The Navy has stepped away from a controversial plan — at least for now — to blanket the historic Ford Island runway in photovoltaic panels, a new environmental assessment reveals.
Instead of covering 28 acres of runway with 60,000 PV panels and surrounding it with a 7-foot fence, the latest Navy plan calls for 50,000 panels on nearby fallow land on Waipio Peninsula.
The photovoltaics are part of a massive solar power project undertaken at Army, Navy, Air Force and Marine Corps bases on Oahu and Kauai.
The Hawaii Joint Services Solar Power Generation effort would be constructed at 85 sites, providing between 7 and 56 megawatts of power — an amount representing 2 percent to 16 percent of the total power consumption at the installations.
Sixty-eight of the systems would be mounted on existing roofs, 12 on structures above parking lots and five on the ground.
Naval Facilities Engineering Command Pacific, which is overseeing the project for all the services, awarded in 2011 a $500 million maximum, indefinite-delivery, indefinite-quantity, multiple-award contract to Island Pacific Energy LLC of Honolulu, Pacific Energy Solutions LLC of Honolulu and Photon Finance LLC of Mountain View, Calif., for purchase of reliable, locally generated power from solar systems at Hawaii military installations.
At this point, the Navy is in a public comment period for the final environmental assessment.

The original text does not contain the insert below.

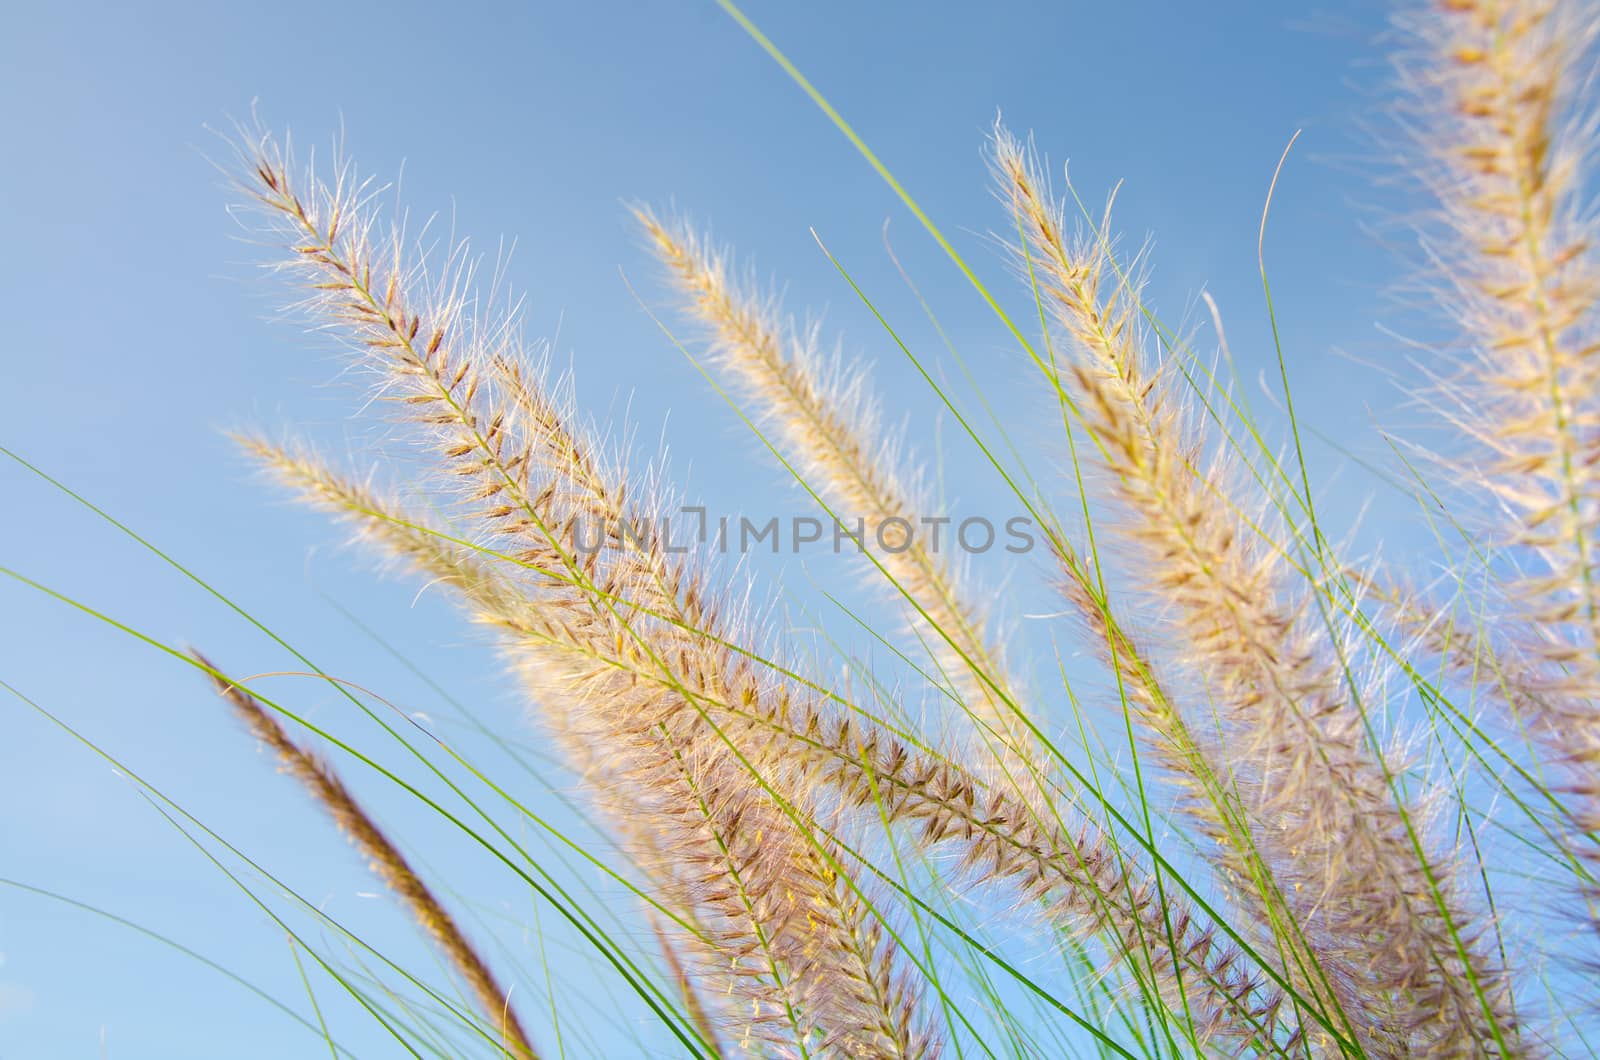 Grass Flower Sunset and Blue Sky by migrean

Documents can be downloaded at www.dodhawaiisolarea.org.
This comment period runs through June 24. Subject to consideration of comments received during the review, the Navy said it anticipates awarding the contract late this year.
The Navy said the solar power systems will be financed, constructed, owned, operated, maintained and repaired by the companies awarded a contract.
Hawaiian Electric Co. on Oahu and Kauai Island Utility Co. generate more than 90 percent of the electricity sold to the Defense Department by burning fossil fuels.
Congressional and Defense Department mandates require the use of renewable energy and a reduction in dependence on foreign fossil fuels.
Hawaii has an average energy cost in the range of 35 cents a kilowatt-hour — almost three times the national average of 12.7 cents, the environmental assessment said.
The rates, the highest in the nation, have been increasing about 6 percent per year through the past two decades, the report said.
The Navy also is negotiating the operation and maintenance of two multi-fuel power plants at Joint Base Pearl Harbor-Hickam and at the Kaneohe Bay Marine Corps base.
Photovoltaics would be placed at locations including Schofield Barracks and its East Range, Wheeler Army Airfield, Joint Base Pearl Harbor-Hickam, the Marine Corps base, Puuloa Range Training Facility and, on Kauai, the Pacific Missile Range Facility.
The Waipio Peninsula site, between Waipio Point Access Road and the Middle Loch shoreline and part of Pearl Harbor, would be the biggest at 42 acres, followed by 5.5 acres at Ulupau foothill at the Marine Corps base.
Before the selection of Waipio, the Navy had wanted to cover the Ford Island runway with photovoltaics.
However, the adjacent Pacific Aviation Museum Pearl Harbor and some environmental groups opposed the plan.
An Internet campaign was organized to gather signatures opposing PV on the runway. Retired Gen. Merrill McPeak, a former Air Force chief of staff, called Ford Island and its runway "part of the historic memory of the United States."
The National Trust for Historic Preservation said in an April 1 letter that it supported the Waipio siting "as a less harmful alternative to the Ford Island runway site."
The Navy environmental assessment says Waipio is the "preferred" site, and that the Ford Island runway remains as an "alternative" site.
The report says the Waipio site, combined with the smaller rooftop and PV structures, will allow the Navy to meet its most immediate renewable energy goals.
"However, unless other technologies become viable in the near future, attainment of mid- and long-term goals will require selection of additional sites for large ground mount arrays," the assessment states.
The Waipio site was part of an amphibious operations base in World War II and then was farmed by the Oahu Sugar Co., which ceased operations in 1995. The site has been fallow since, the Navy said. The service said in the assessment that adjacent land to the west might be suitable for PV expansion.
Much of the 1,412-acre peninsula lies within an explosive safety arc of the West Loch Annex ammunition wharves, where torpedo and missile maintenance takes place, and is therefore largely undeveloped, the Navy said.